Acta Sci., Anim. Sci. vol.38 no.1 Maringá jan./mar. 2016 


Induced reproduction of dourado ( Salminus brasiliensis ): fertilization with sperm cryopreserved in ACP (r) -104

Reprodução induzida do dourado ( Salminus brasiliensis ): fertilização com sêmen criopreservado em ACP (r) -104

Ana Carolina Volpato Zanandrea1  * 

Marcos Weingartner2 

Evoy Zaniboni-Filho1 

1Laboratório de Biologia e Cultivo de Peixes de Água Doce, Universidade Federal de Santa Catarina, Rod. Francisco Thomaz dos Santos, 3532, 88066-260, Armação do Pântano do Sul, Florianópolis, Santa Catarina, Brazil.

2Engenharia de Aquicultura, Universidade Federal da Fronteira Sul, Campus Laranjeiras do Sul, Laranjeiras do Sul, Paraná, Brazil.


Experiments were conducted to improve the fertilization rate of cryopreserved semen of dourado, Salminus brasiliensis. The experiment tested two cryoprotectant solutions at different semen: cryoprotectant ratios (1:5, 1:15, 1:25 and 1:50). The standard solution for the species (mixture of dimethyl sulfoxide, glucose, egg yolk and distilled water) was compared to a 350 mOsm ACP(r)-104 solution, which is composed of powdered coconut water diluted in distilled water and methylglycol. Differences between the dilutions tested were significant only for ACP(r). The fertilization potential by using the standard solution at the lowest dilution (1:5) is equated when the sperm is diluted in ACP(r) at 1:25 or 1:50. These results show that the standard solution is the most suitable for the cryopreservation of dourado sperm, since the dilution did not alter the fertilization rate, requiring smaller storage space.

Keywords: cryopreservation; sperm; fertilization; cryoprotectant; coconut water


Experimentos foram realizados, visando melhorar a taxa de fertilização com a utilização de sêmen criopreservado do dourado, Salminus brasiliensis. O experimento testou duas soluções crioprotetoras em diferentes diluições de sêmen:solução crioprotetora (1:5, 1:15, 1:25 e 1:50). A solução padrão para a espécie (mistura de glicose, água destilada, gema de ovo e dimetilsulfóxido) foi comparada com a solução ACP(r)-104 350 mOsm, composta por água de coco em pó diluída em água destilada e metilglicol. Foi observada diferença entre as distintas diluições testadas apenas para a ACP(r). O potencial de fertilização com o uso da solução padrão na menor diluição testada (1:5) é igualado apenas quando o sêmen em ACP(r) é diluído em 1:25 ou 1:50. Os resultados apontam que a solução padrão é mais vantajosa para a criopreservação de sêmen do dourado, uma vez que a variação da diluição do sêmen não altera a taxa de fertilização, requerendo, assim, menor espaço para armazenamento das amostras.

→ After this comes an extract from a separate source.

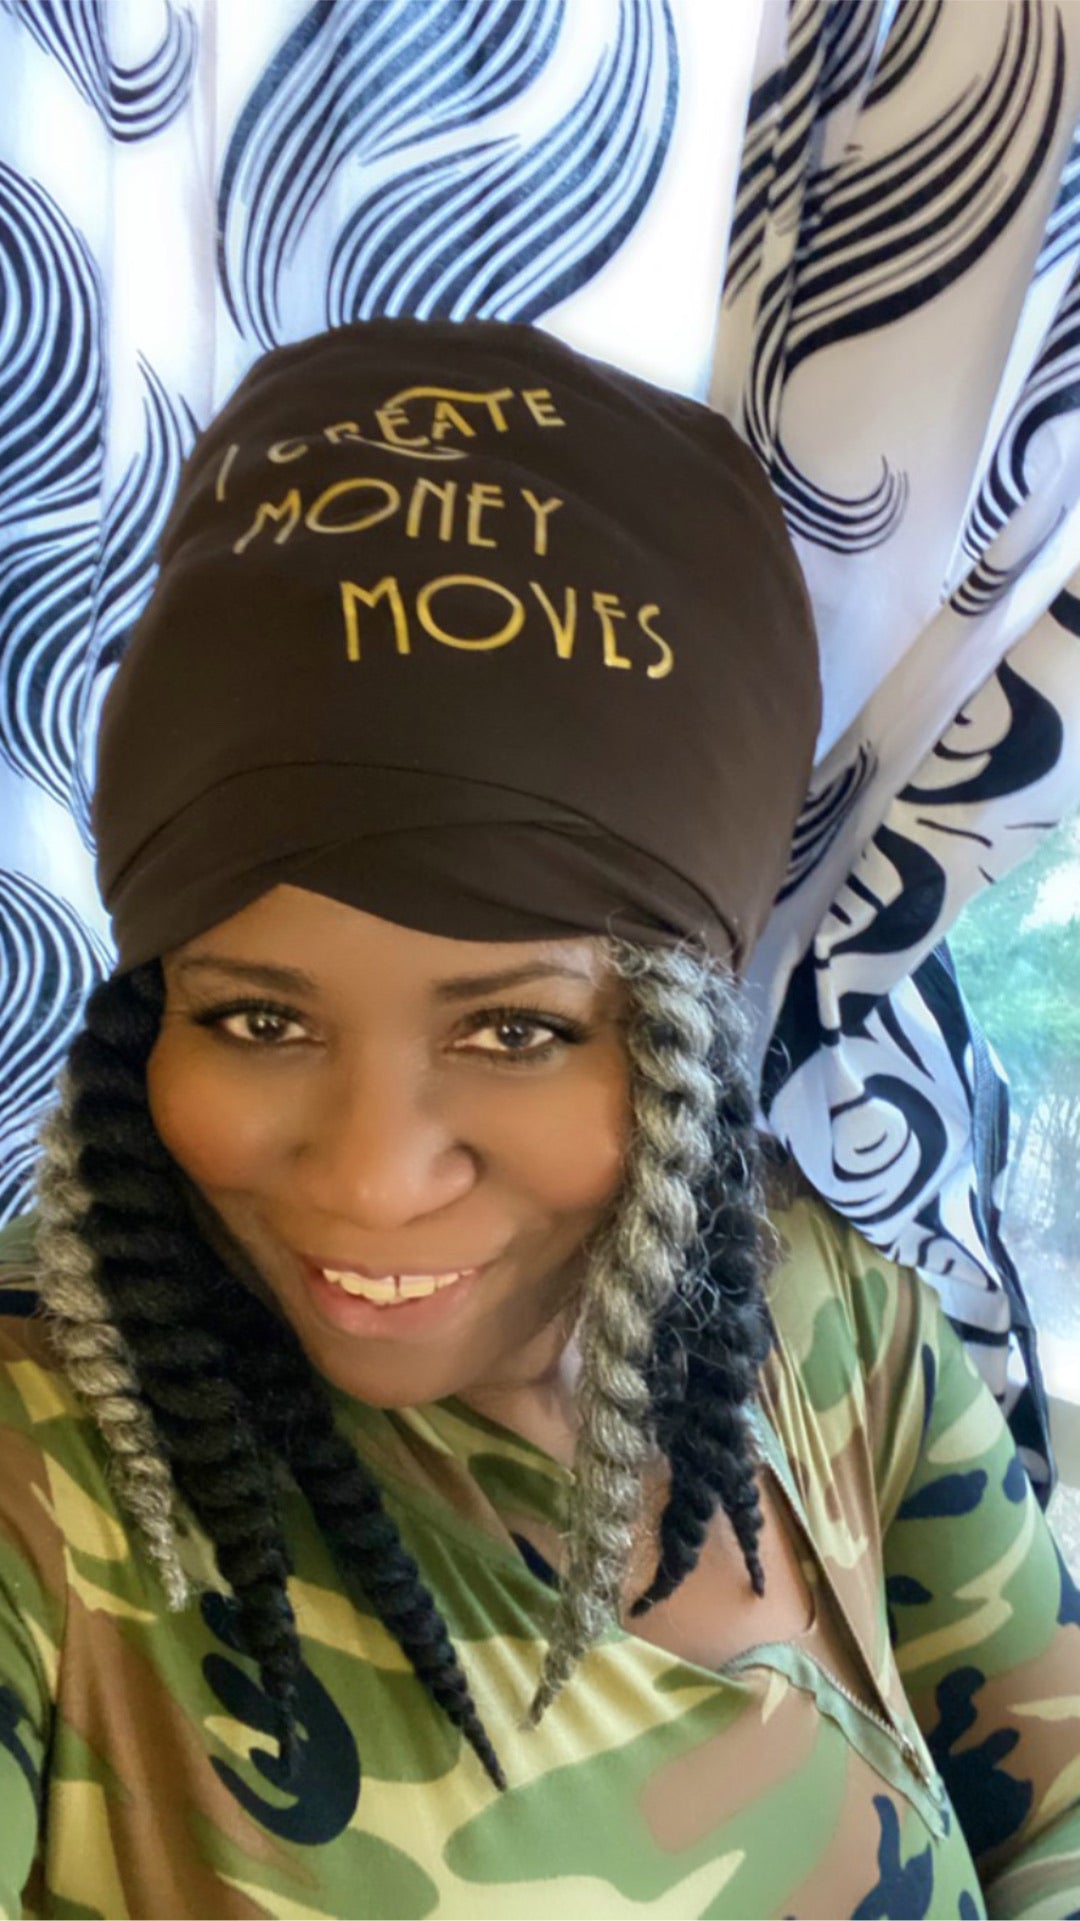 I  Create  Money Moves Stretch Hat

Palavras-chave: criopreservação; esperma; fertilização; crioprotetor; água de coco


The storage of cryopreserved fish sperm has different applications in both the conservation of genetic resources of species and in aquaculture. Gamete banks have been created to protect endangered species and assist in programs related to biodiversity conservation and breeding (Kopeika, Kopeika, & Zhang, 2007; Paniagua-Chávez, Ortiz-Gallarza, & Aguilar-Juárez, 2011). In fish farming, maintenance of representative samples of a given population in a cryopreserved sperm bank allow to reduce the number of male individuals in the breeding stock and facilitate routine work in induced reproduction, given the ready availability of semen from several males for reproduction, favoring the concentration of efforts only in the management of female specimens (Carneiro, 2007).

S. brasiliensis (Cuvier, 1816, Characidae), known as dourado, is a fish with high quality meat appreciated by sport fishermen. The species is with reduced stocks in several South American river basins, mainly because of human action. Within the genus Salminus, this species reaches the largest size, has the greatest number of studies related to aquaculture and is considered the one with the highest potential for fish farming (Weingartner & Zaniboni-Filho, 2010).

The use of cryopreserved dourado sperm has begun with Coser, Godinho and Ribeiro (1984), and resumed years later by Carolsfeld, Godinho, Zaniboni-Filho and Harvey (2003), Viveiros, Oliveira, Maria, Orfão, and Souza (2009b), Zanandrea, Weingartner and Zaniboni-Filho (2014) and Weingartner, Zanandrea and Zaniboni-Filho (2015). Most studies use sperm motility as a parameter for sperm quality, but, according to Bobe & Labbé (2010), only the success of fertilization allows to prove accurately the quality of sperm and oocyte.

Over the last decade, several studies have been conducted to test different combinations of cryoprotectants and protocols for semen cryopreservation of South American Characiformes, seeking the best combinations to increase fertilization rate with the use of cryopreserved semen (Maria, Viveiros, Freitas, & Oliveira, 2006; Ninhaus-Silveira, Foresti, Veríssimo-Silveira & Senhorini, 2006; Taitson, Chami & Godinho, 2008; Viveiros, Orfão, Maria & Allaman, 2009a; Viveiros, Orfão, Nascimento, Corrêa & Caneppele, 2012).

Among these studies, a product specifically designed for cryopreservation of freshwater teleost semen was developed and registered as ACP(r)-104 (Viveiros, Maria, Orfão, Carvalho & Nunes, 2008). This product consists of a stable and standardized powder coconut water, which has suitable characteristics for use as an extracellular cryoprotectant (Silva et al., 2012).

This study aimed at evaluating the effect of ACP(r)-104 as a cryoprotectant solution for cryopreservation of dourado sperm on the fertilization rate, comparing these results with those obtained when using the cryoprotectant solution that has been recommended for the species (Carolsfeld et al., 2003; Zanandrea et al, 2014), testing four different semen: cryoprotectant ratios.

Material and methods

Selection of breeders and gamete collection

This study used specimens of S. brasiliensis of the first generation born in captivity from wild fish descendants caught in the upper Uruguay river (Brazil). Animals were kept in earth ponds and fed daily with commercial feed containing 40% crude protein. For the experiments, males that released semen upon slight abdominal pressure and females with distended abdomen were taken to the laboratory and kept in circular tanks (1,000 L) supplied with running water and recirculation rate of 17 times a day, 26ºC average temperature and average concentration of dissolved oxygen at 7.0 mg L-1.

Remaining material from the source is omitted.